Let me begin with revenues. Revenues for Q3 '08 were $29.9 million, compared to 26.8 million for the comparable period in '07. The increase from '07 to '08 was primarily due to an acceleration of revenue recognition as a result of the development term of our collaboration with GSK, concluding today. This increase was partially offset by the exclusion of revenues as a result of the sale of 80.1% of our former subsidiary, Artemis Pharmaceuticals, in 2007.

Research and development expenses for Q3 '08 were $65.7 million, compared to $58.6 million for the comparable period in '07. The increase from '07 to '08 primarily reflected increased development expenses associated with the maturation and advancement of our pipeline through Phase III clinical trial start-up activities, the initiation of new Phase I and Phase II clinical trials, as well as various non-clinical studies and extended enrollment in our ongoing clinical trial. Note that the year-over-year increase in R&D expense is slowing down significantly as compared to previous quarters, which is in part due to our ongoing cost containment efforts this year.

General and administrative expenses for Q3 '08 were $8.9 million, compared to $10.8 million for the comparable period in '07. The decrease from '07 to '08 was primarily due to the allocation of general corporate costs to research and development, which primarily reflected the gross of the research and development function compared to the G&A function.

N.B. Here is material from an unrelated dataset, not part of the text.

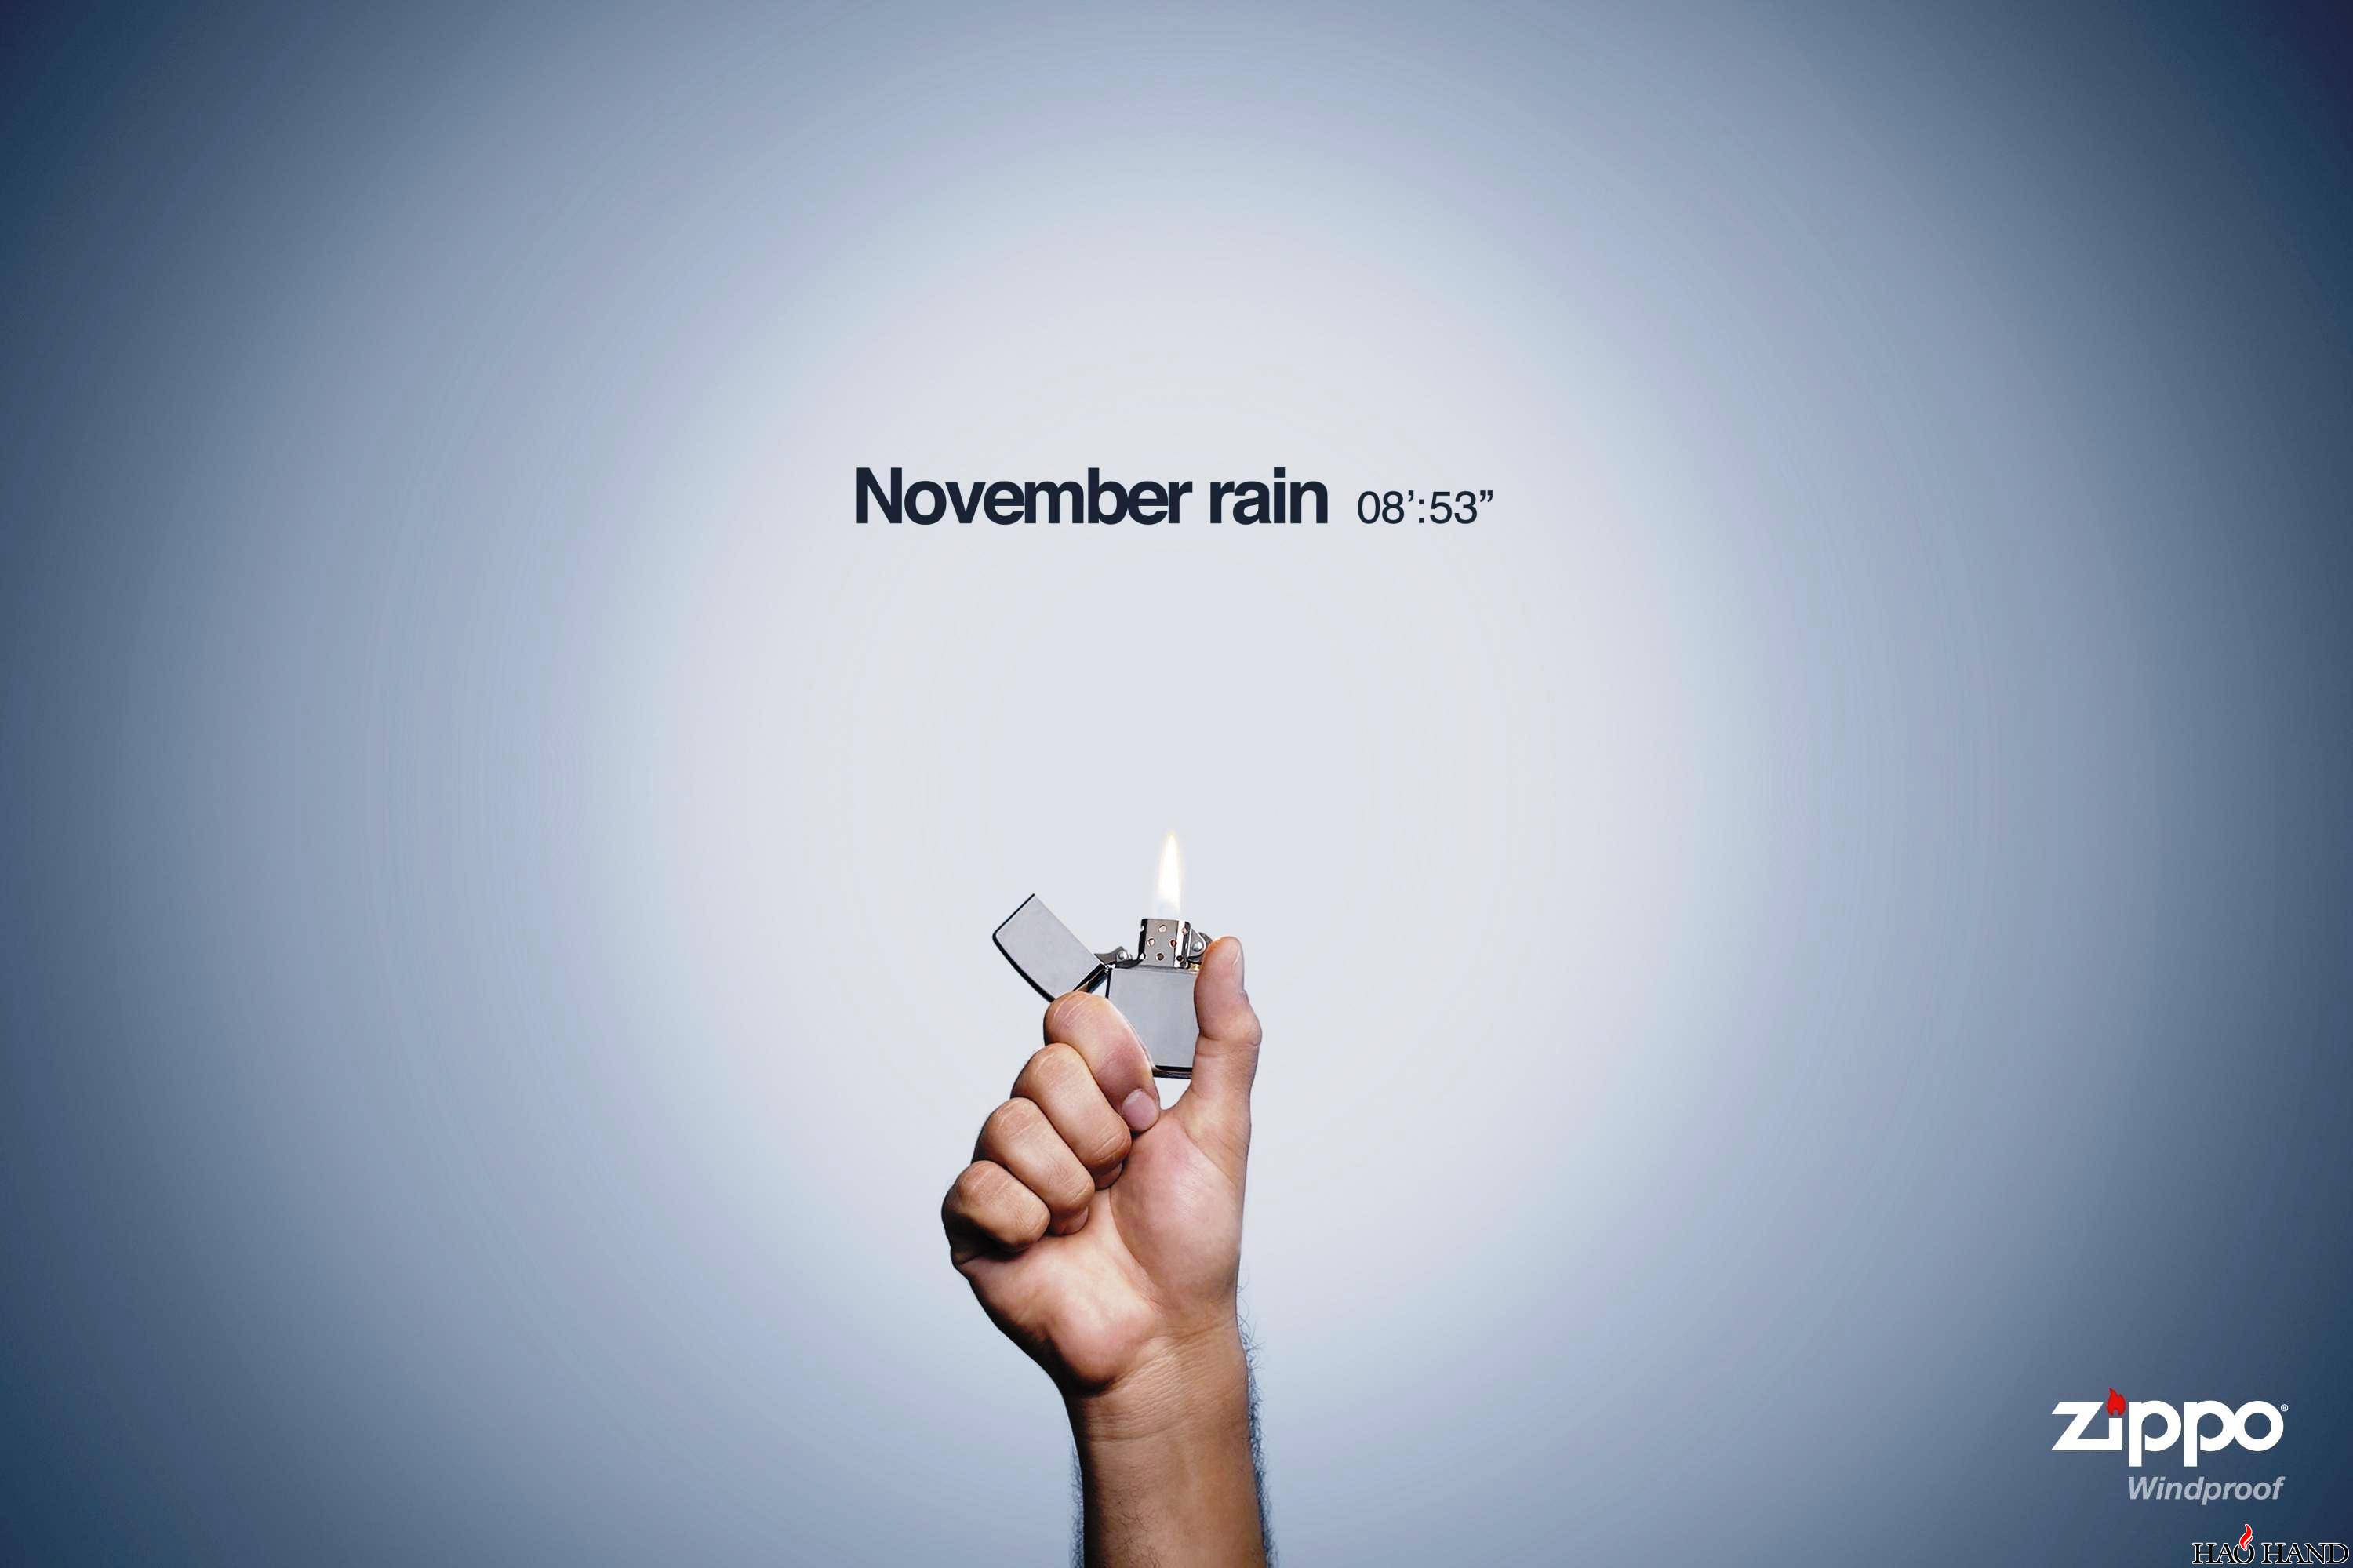 zippo-windproof-november-rain-anything-for-love-print-550-adeevee.jpg

Net loss for Q3 '08 was $38.5 million or $0.36 per share, compared to $13.7 million or $0.14 per share for the comparable period in '07. The increase in net loss in '08 compared to '07 is primarily due to the sale of of our plant trait business in the third quarter of last year, for which we recognized an $18.8 million gain in Q3 of '07.

Cash and cash equivalents, short-term and long-term marketable securities, investments held by Symphony Evolution, and restricted cash and investments totalled $135.2 million at September 30, 2008, compared to $299.5 million at December 31st '07. Including our financing facility with Deerfield, cash and committed funding as of the end of the third quarter amounted to $285 million.

Let me elaborate for a moment on the financial implications of the conclusion of our GSK collaboration. With GSK not exercising its right to another compound, there are no further selection milestones. This however has no implications to our 2008 outlook on our cash position, as the potential selection milestones would have come in the form of an offset to the outstanding loan from GSK instead of from cash.

The loan from GSK amounts to $85 million plus accrued interest computed at 4% per annum, totaling approximately $101 million as of the end of the third quarter. This loan matures in three roughly equal tranches over three years, beginning one year from now in October 2009. Importantly, the loan can be repaid in cash or in stock at our discretion, subject to certain conditions. Keep in mind that GSK selected XL880 last year, and that Exelixis could receive additional milestones of up to $90 million in connection with GSK's successful development of XL880. Additional milestones could reduce any outstanding amounts of the loan.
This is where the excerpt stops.